Despite their subtle theoretical distinctions, both systems share several key principles and outcomes:

  • Collective Ownership: Both reject private ownership of the means of production.
  • Class Struggle Narrative: Both view history as a struggle between the rich and poor (bourgeoisie vs. proletariat, insert any binary friction here).
  • State Control: Both rely on government control or heavy regulation of the economy to achieve equality.
  • Wealth Redistribution: Both prioritize economic equality over individual liberty or market freedom.
  • Hostility Toward Religion and the Family: Marx and later communist regimes often viewed religion and the traditional family as tools of oppression that distract from loyalty to the state or the collective. Religion in socialism is seen as selfish and not conducive to an equal society.
  • Outcome in Practice: Both tend to centralize power in the hands of a ruling elite, suppress dissent, and produce economic stagnation.

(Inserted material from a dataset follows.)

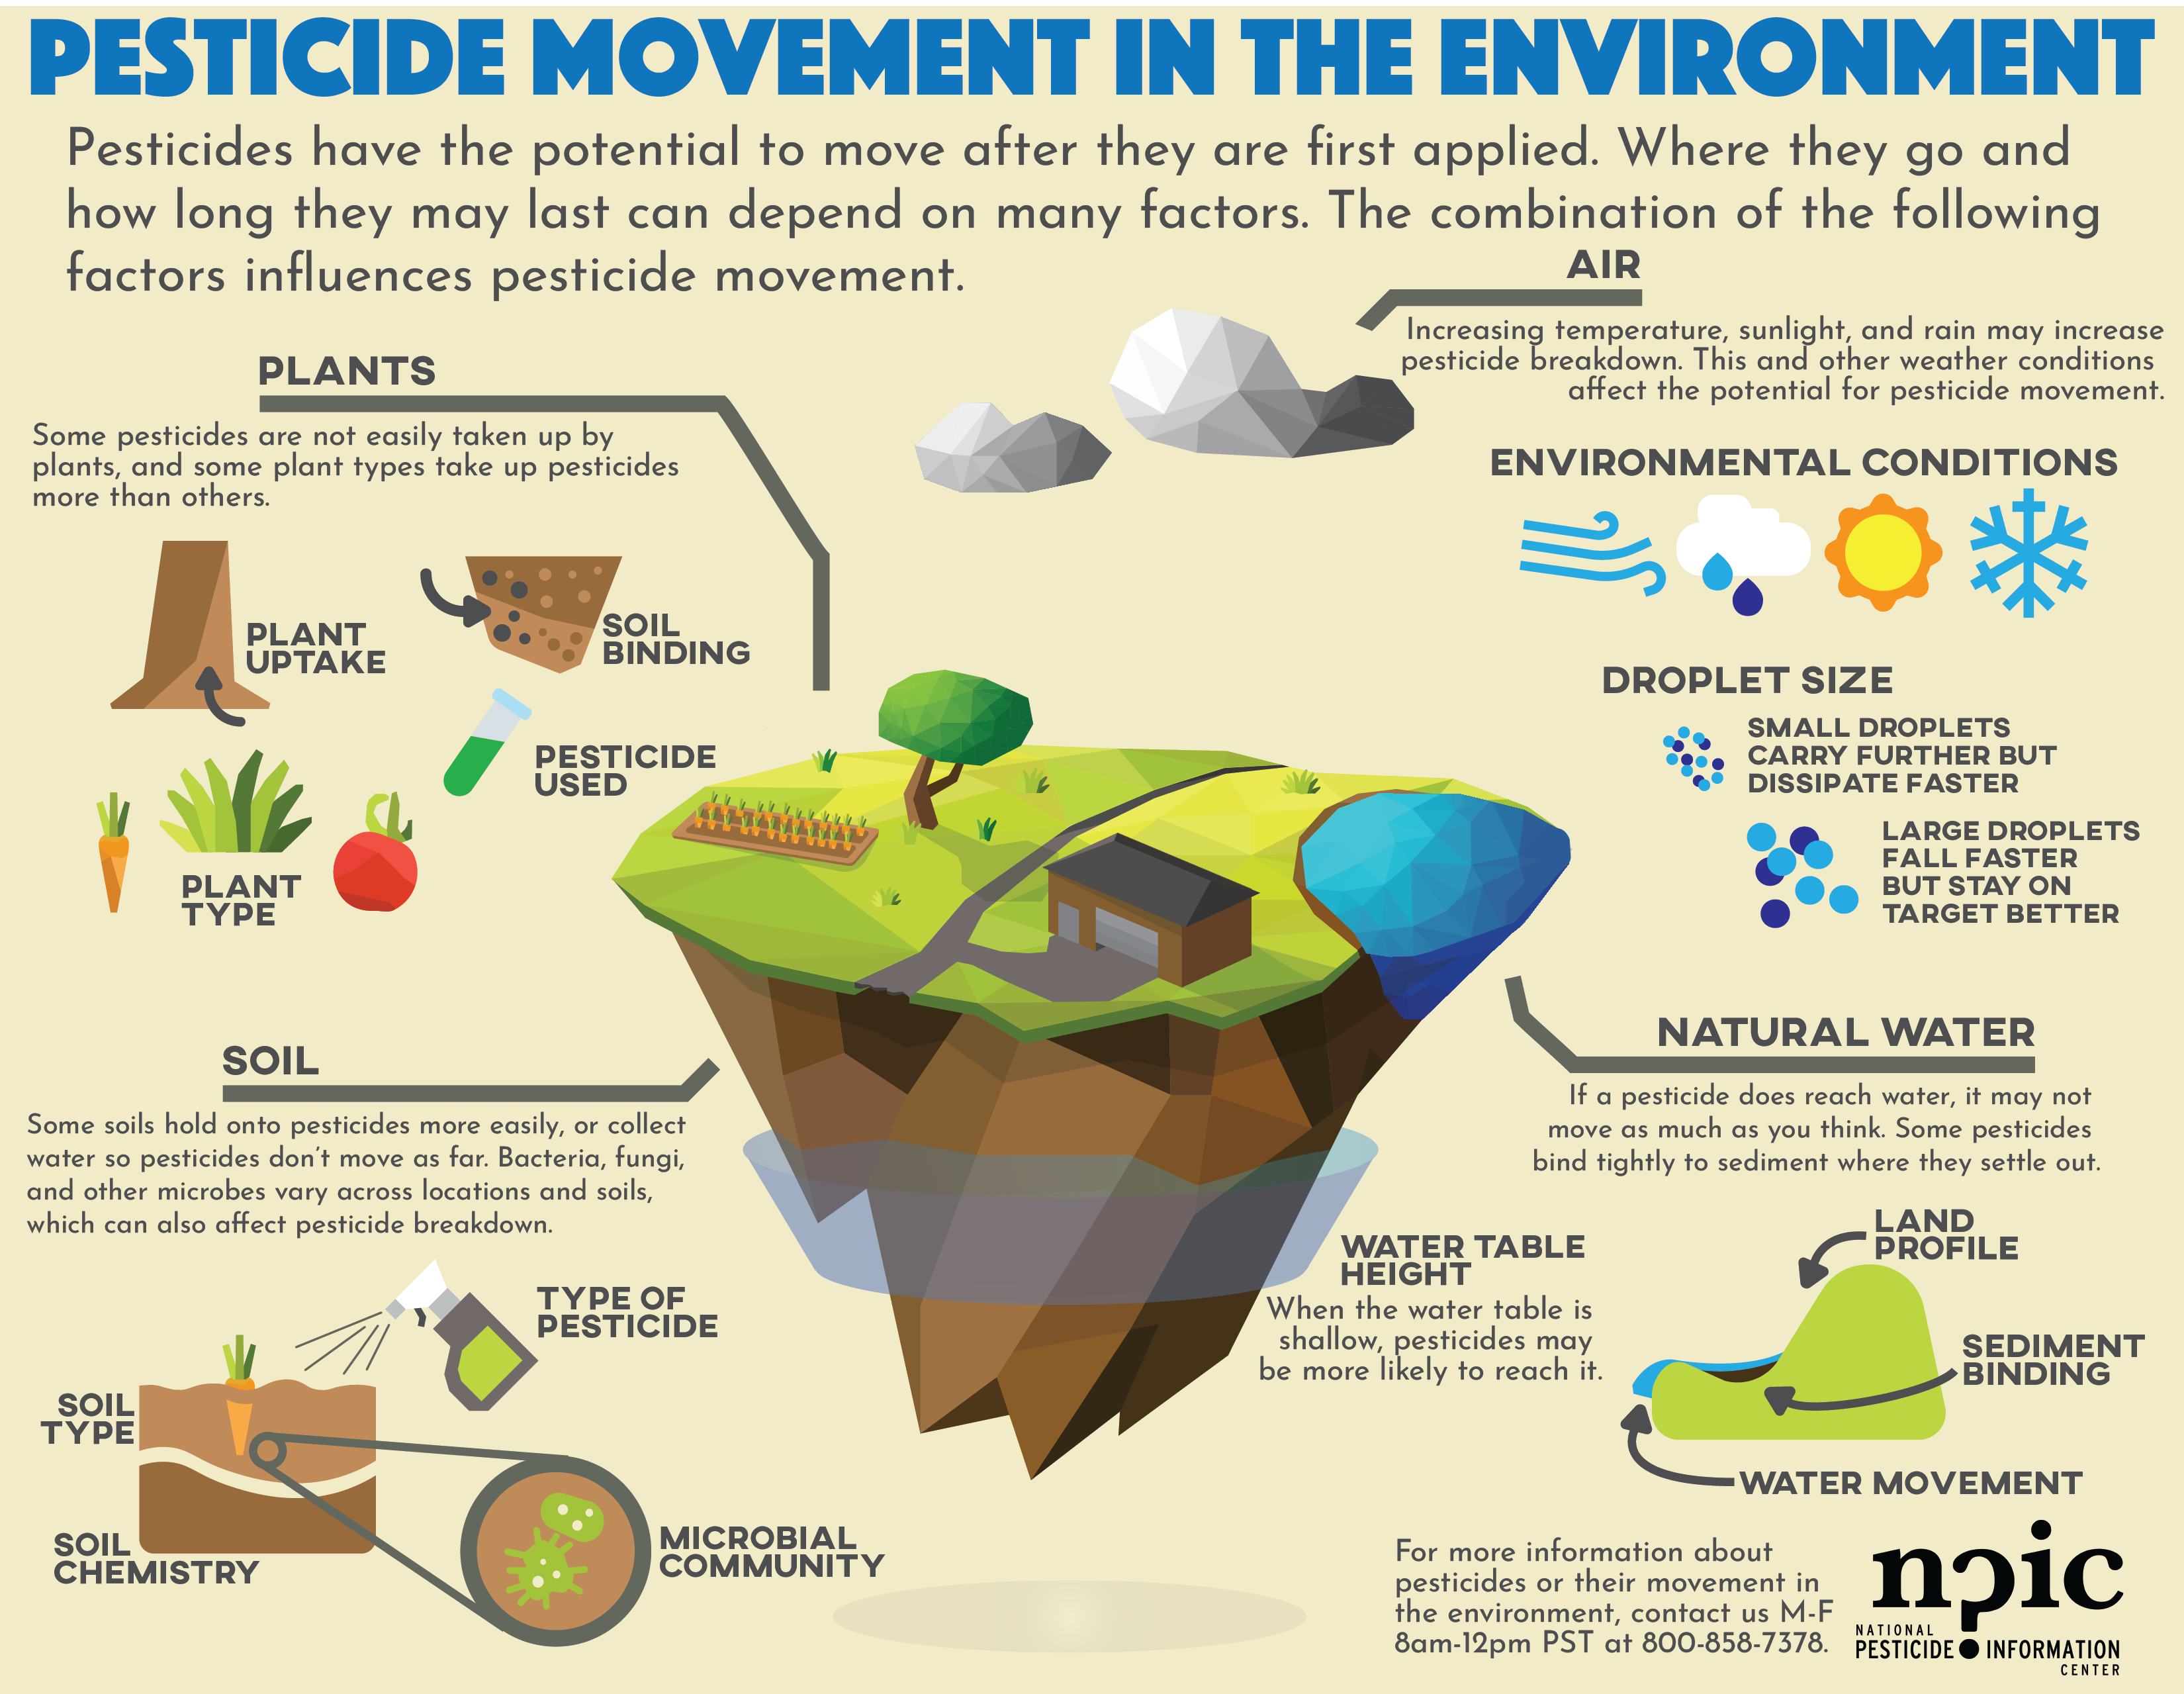 What happens to pesticides released in the environment?

Now that we’ve connected the dots of socialism and communism, let’s look at the argument for socialism’s (communism) implementation into the U.S., including where it has worked and not worked, the comparison to Nordic countries, and New York’s own history with socialism.

Where it has been tried, in various forms, and failed:

  • Soviet Union (1917-1991). Over 20 million dead as a result.
  • Maoist China (1949-1976) Over 45 million dead as a result.
  • Venezuela (1999-present). 7 million citizens fled
  • Notable mentions: Cuba, North Korean. (They’re really doing great these days)

Where it has worked:

Literally nowhere. Except in areas of Nordic countries. Nordic? I’m glad you brough that up.

The Nordic Comparison

Sweden (among other Nordic countries) is often hailed as the standard the U.S. should follow. They have about 10 million citizens. The U.S. has over 330 million. Sweden is highly homogenous. Very little diversity in culture, job market, and existential views. Comparing Sweden to the U.S. directly as national systems is like comparing a neighborhood to a continent. You can’t expect the same mechanisms of trust, coordination, and scale to behave identically. The diversity alone in the U.S. is enough to rule out anything that resembles voluntary, adequate, and consistent contribution to society. So that argument is out.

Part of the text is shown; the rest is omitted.